Stool DNA Isolation and 16S rDNA Gene Amplicon Sequencing
QI Aamp DNA Stool Mini Kit (51504; Qiagen, Germantown, MD) is used to extract gDNA from
freshly collected feces samples from both mouse strains. The 16S rDNA gene variable regions
V3-V6 are amplified by PCR using fecal gDNA. PCR comprised two consecutive steps. Primers
targeting the 16S rDNA gene (italic) and specific primers carrying the 59M13/rM13 adapters
(bold) 338FM13 (GTAAACGACGGCCAGTGCTCCTACGGGWGGCAGCAGT) and 1044R-rM13
(GGAAACAGCTATGACCATGACTACGCGCTGACGACARCCATG) are used to amplify the V3-V6 region of the
bacterial 16S rDNA gene. After purification of PCR products using the NucleoSpin Gel and PCR
Clean-Up Kit per the manufacturer's instructions, concentration and quality of the purified
PCR products are assessed. To barcode each PCR product with a specific MID sequence and add
the 454-specific Lib-L tag, a second PCR was performed using M13/rM13-specific primers
containing the 454-specific Lib-L primers (underlined) A-M13 (CCATCTCATCCCTGCGTGTCTCCGACTCAG
/ MIDsequence/GTAAACGACGGCCAGG) and B-rM13 (CCTATCCCCTGTGTGCCTTGGCAGTCTCAGGGAAACAGCTATGA
CCATGA).
Amplicons of the second PCR were pooled and purified by ethanol precipitation. Purified PCR
products are run on a 0.8% agarose gel, bands corresponding to the barcoded 16S rDNA gene
sequences are excised, and DNA was extracted using the NucleoSpin Gel and PCR Clean-Up Kit.
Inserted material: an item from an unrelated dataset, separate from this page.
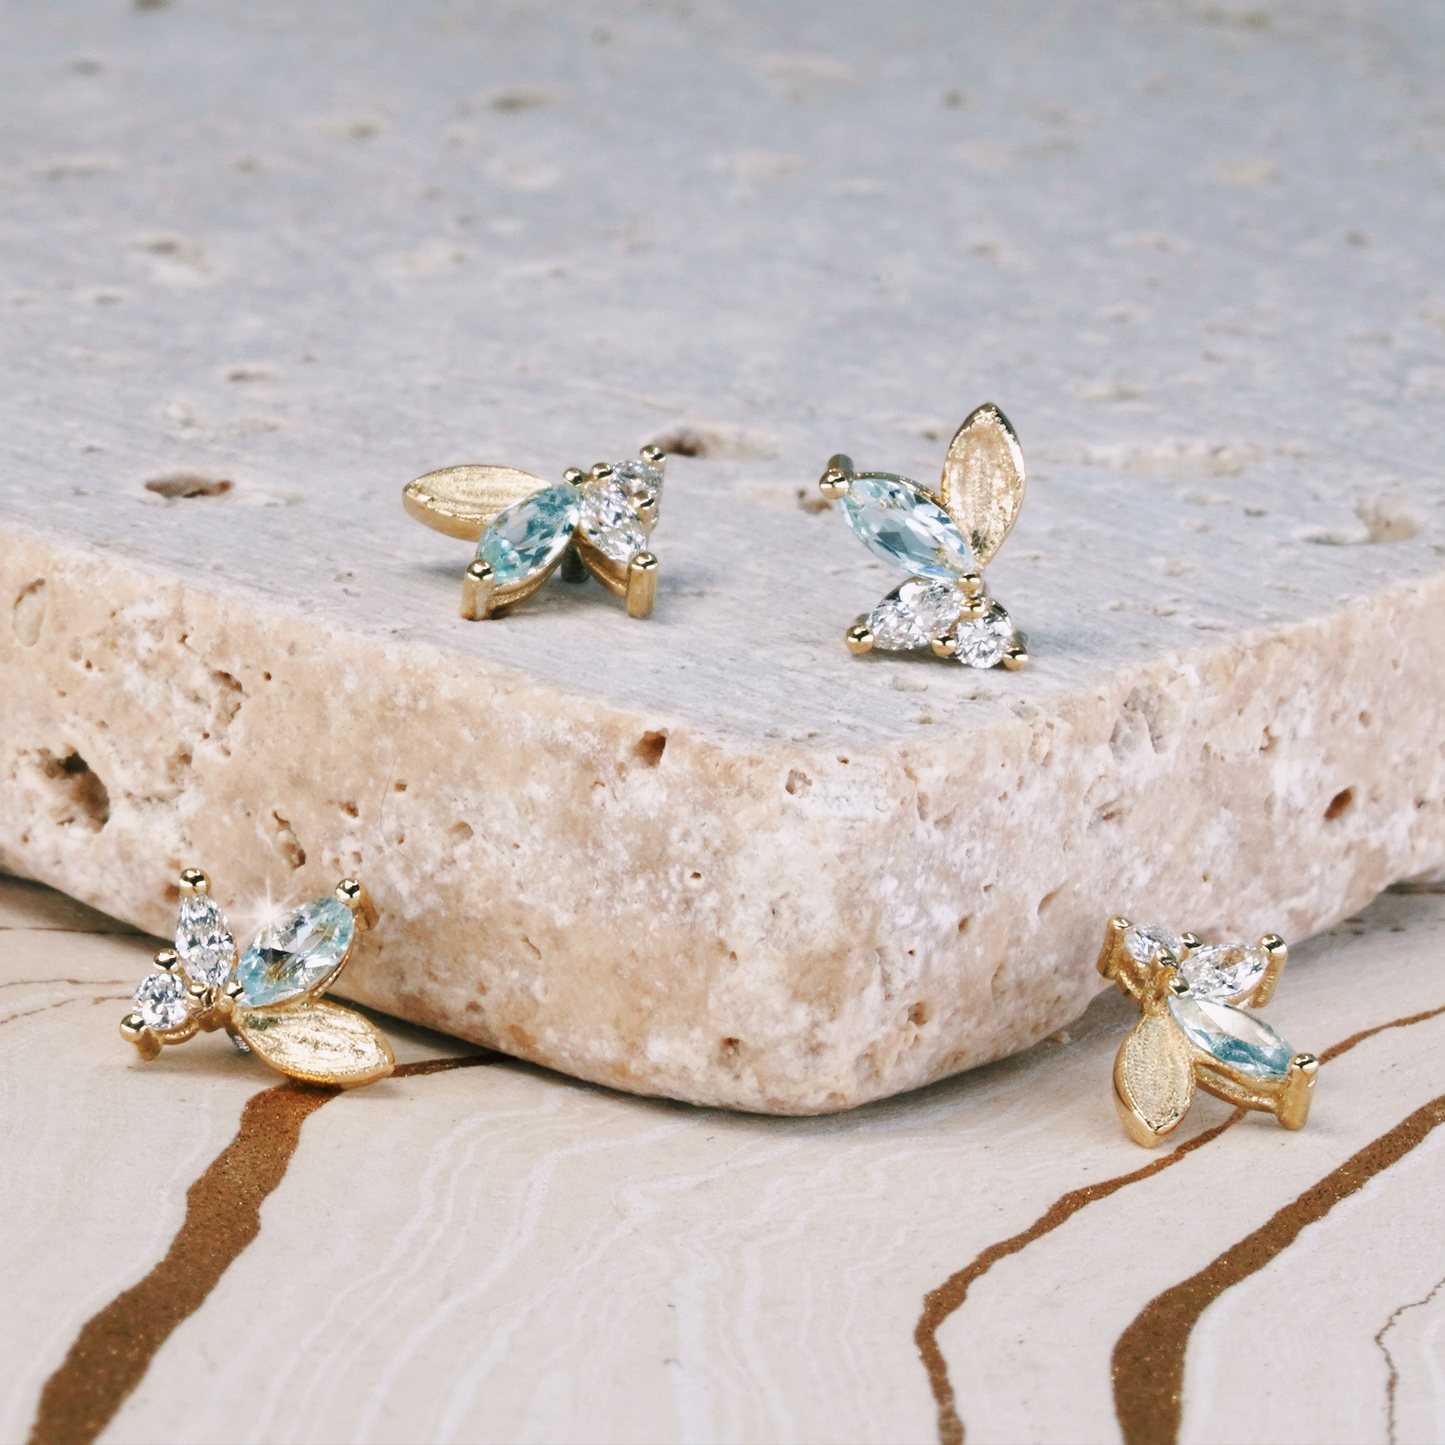 Monet's Lily Petals Threaded End with Diamond and Aquamarine

DNA is eluted in ddH2O, further purified using AMPure Beads (Beckman Coulter, Inc., Brea,
CA), and finally, resuspended in ddH2O. Concentration and quality of the purified barcoded
sequences are assessed using a Nanodrop (Peqlab Biotechnology). Samples are stored at 220°C.
Amplicon sequencing is performed at Eurofins on a 454 GS FLX Titanium Platform from one side
(Lib-L-A) according to the recommended procedures for 454 Roche (Roche, Basel, Switzerland).